*ABOUT THIS EXERCISE:* Give the data below again exactly as written, but without the pictures.

*DATA BLOCK:*
+ + +
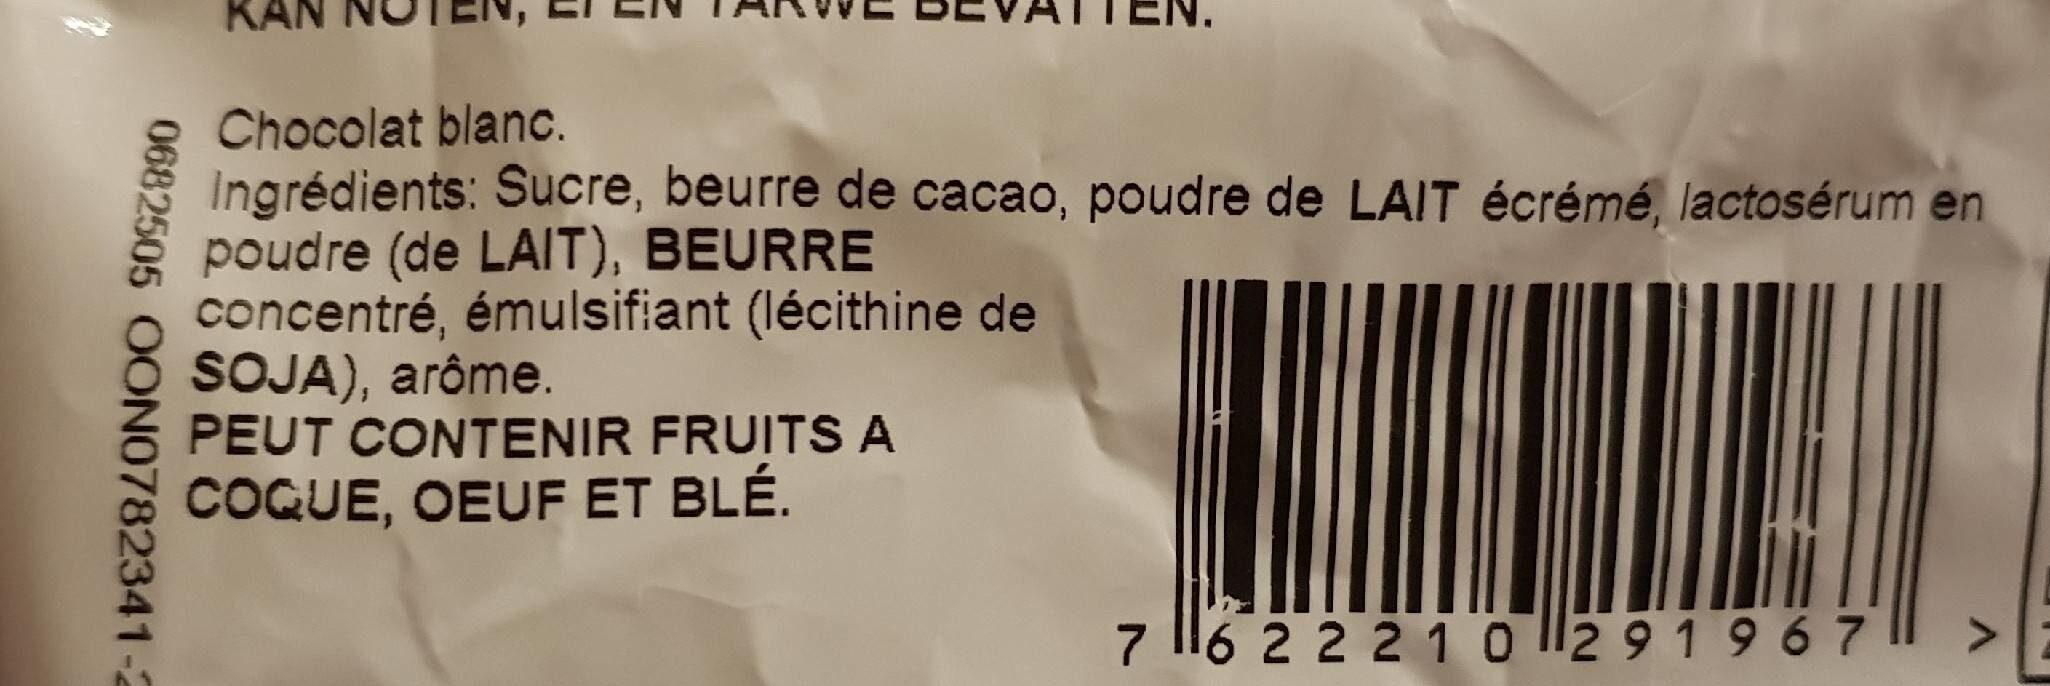 Oeufs milka blanc - Ingrediënten - fr
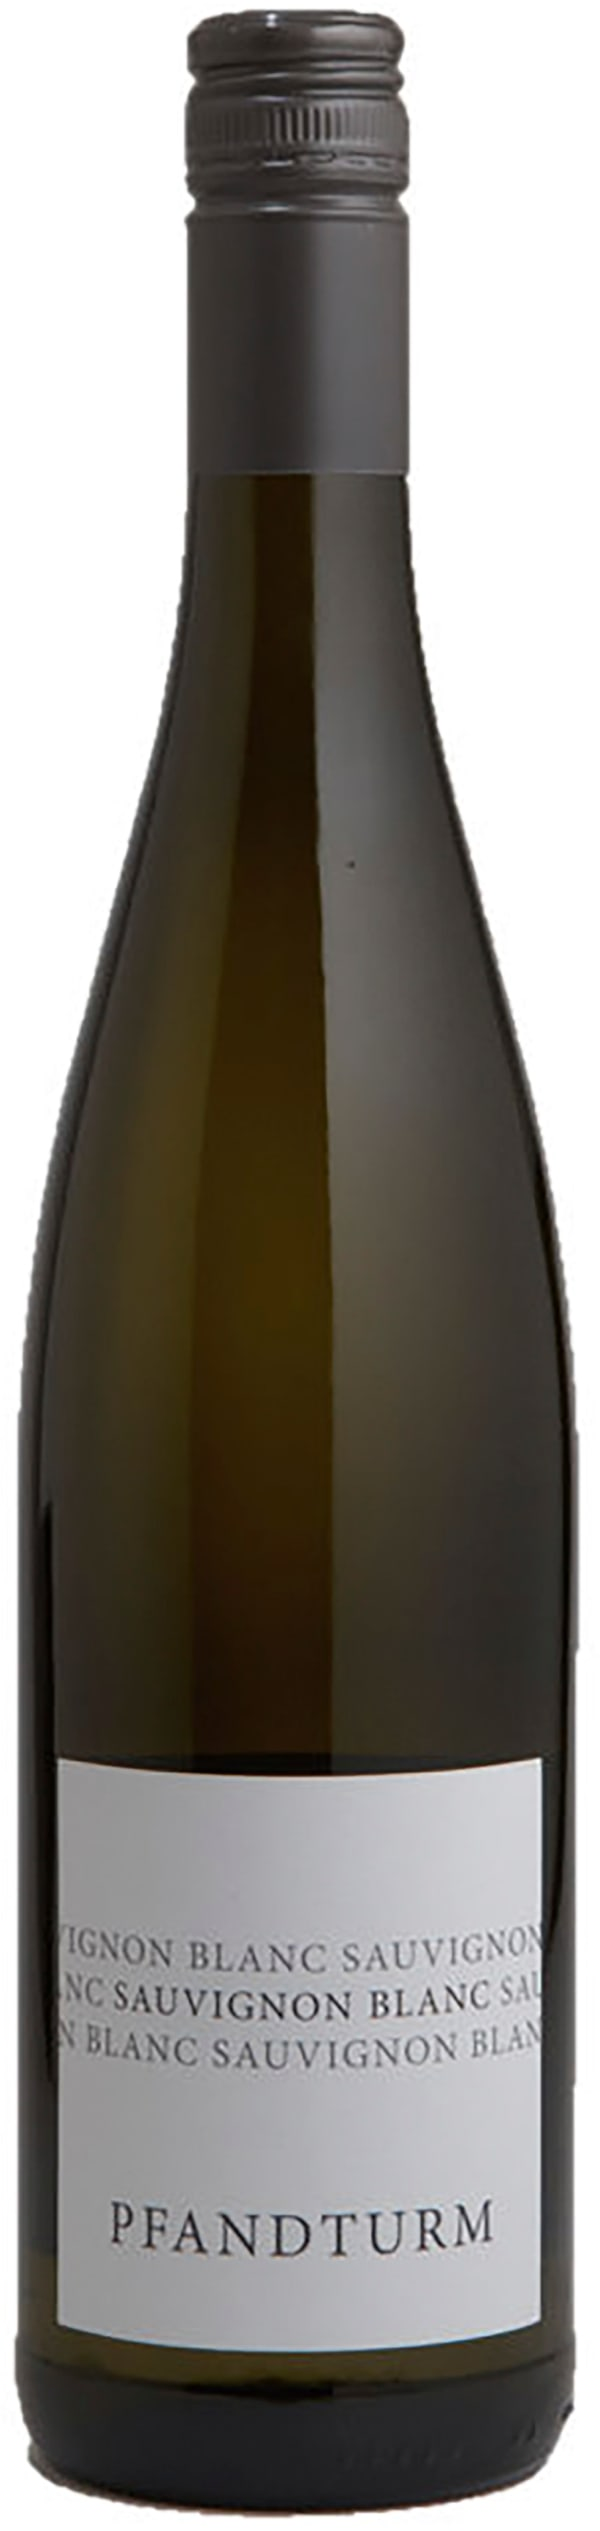 Pfandturm Sauvignon Blanc 2017
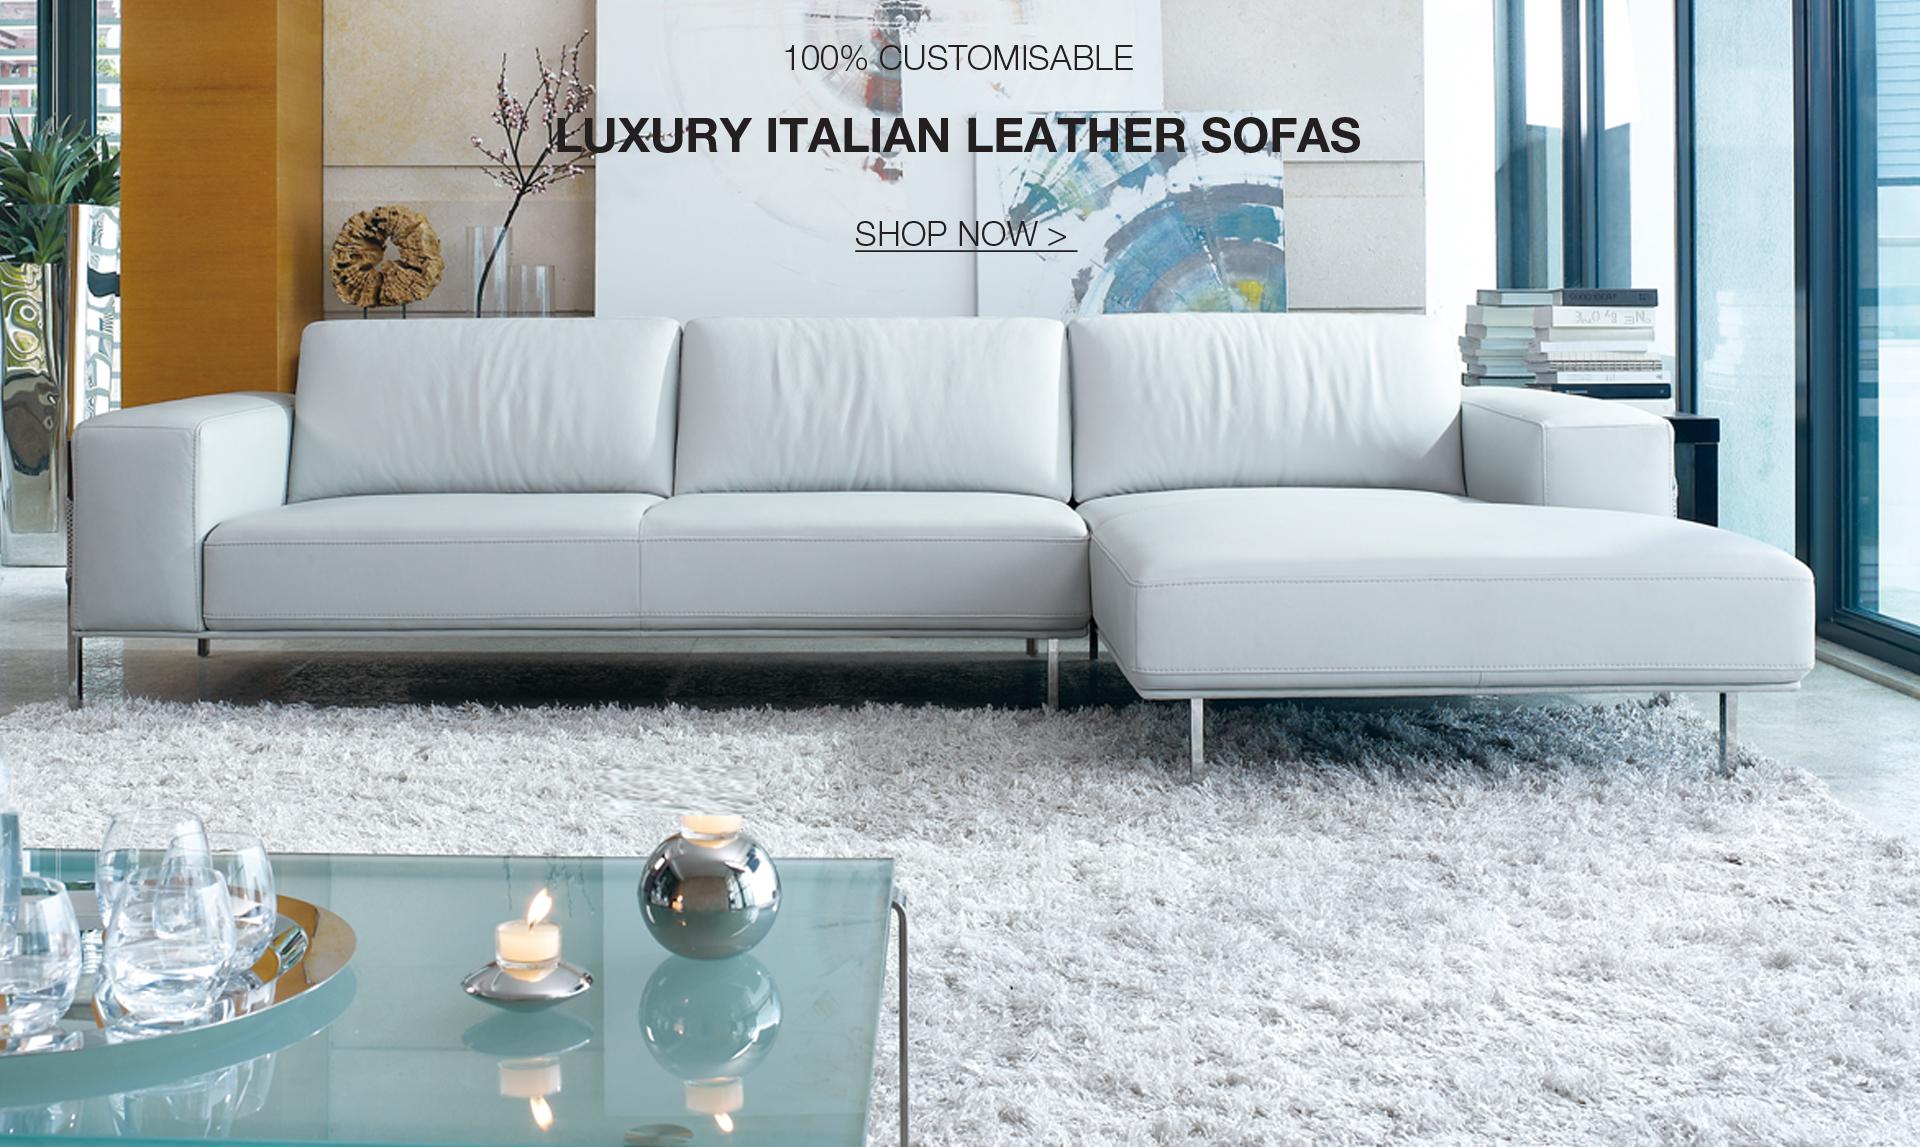 LUXURY-LEATHER-SOFAS-4
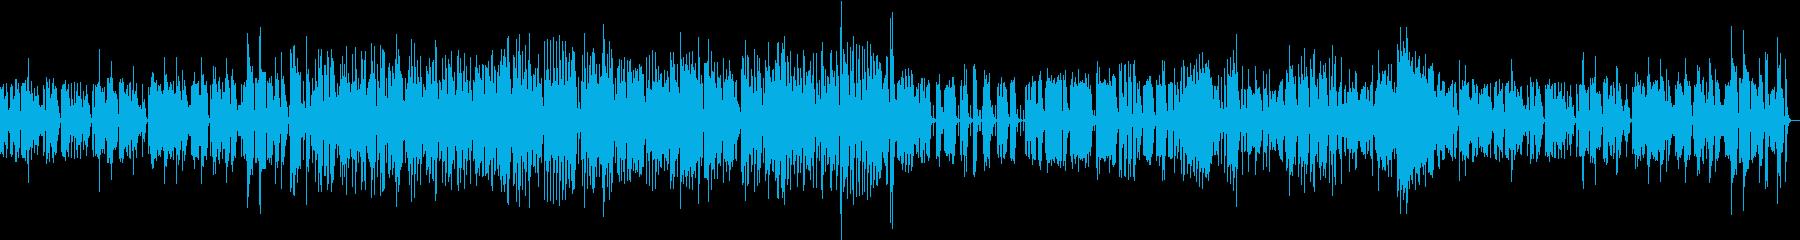 マリンバ・カルテットのジャズ・ブルースの再生済みの波形
+ + +
*RESULT OF THE EXERCISE:*
 Oeufs milka blanc - Ingrediënten - fr
 Pfandturm Sauvignon Blanc 2017
 LUXURY-LEATHER-SOFAS-4
 マリンバ・カルテットのジャズ・ブルースの再生済みの波形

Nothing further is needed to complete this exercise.